Итак, вопреки тому, что в реальности Земля на уделы не делиться, её поделили. Теперь каждое государство могло наслаждаться своим суверенитетом на своём отдельно взятом участке, правда, время от времени бросая хищные взгляды на своих соседей. Вопрос же «А зачем вообще нужно государство и кому?» старались или замалчивать или забалтывать.

Между тем, именно ответ на такой вопрос и даёт ключ к пониманию о многих вещах, касающихся власти, в том числе и о суверенитете.
В Конституции Российской Федерации есть статья, на которую так часто ссылаются авторы этого журнала. Это статья 2:

Человек, его права и свободы являются высшей ценностью. Признание, соблюдение и защита прав и свобод человека и гражданина — обязанность государства.

Именно в этой самой статье государство вместе со всеми его атрибутами, включая и суверенитет, должно пониматься в Российской Федерации только как средство, удовлетворяющее описанной цели. В то же время, человек, его права и свободы суть именно цели, и не могут быть для государства и его власти никакими средствами. Но в таком случае, надо вернуться к определению термина «суверенитет», которое ввёл Жан Бодэн:

La souveraineté est la puissance absolue et perpétuelle d’une République.

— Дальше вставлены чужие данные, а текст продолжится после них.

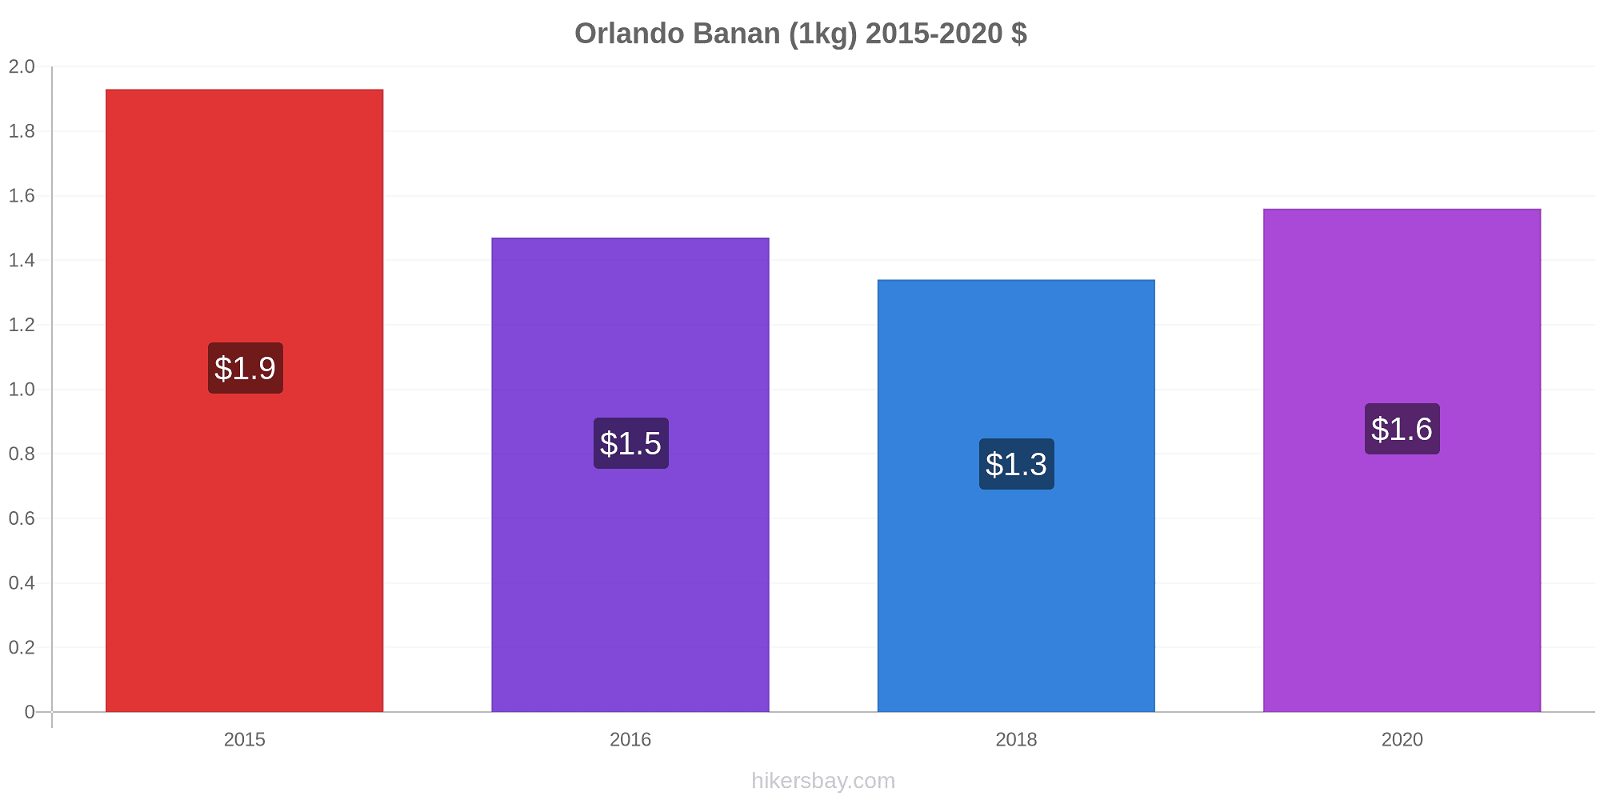 Orlando prisændringer Banan (1kg) hikersbay.com

Не кажется ли вам, что статья 2 Конституции Российской Федерации просто противоречит буквальному определению этого термина? Ведь если только высшей ценностью в государстве является вовсе не власть, то нельзя говорить ни о разумности абсолютности таковой, ни уж, тем более, — о неизменности или вечности, так как любое средство всегда подчинено цели и должно быть сообразовано помимо всех прочих обстоятельств внешнего характера обязательно именно с целью, а вот цель никак не сообразуется со средствами вне всяких зависимостей от обстоятельств. Особенно, если это цель именно высшая.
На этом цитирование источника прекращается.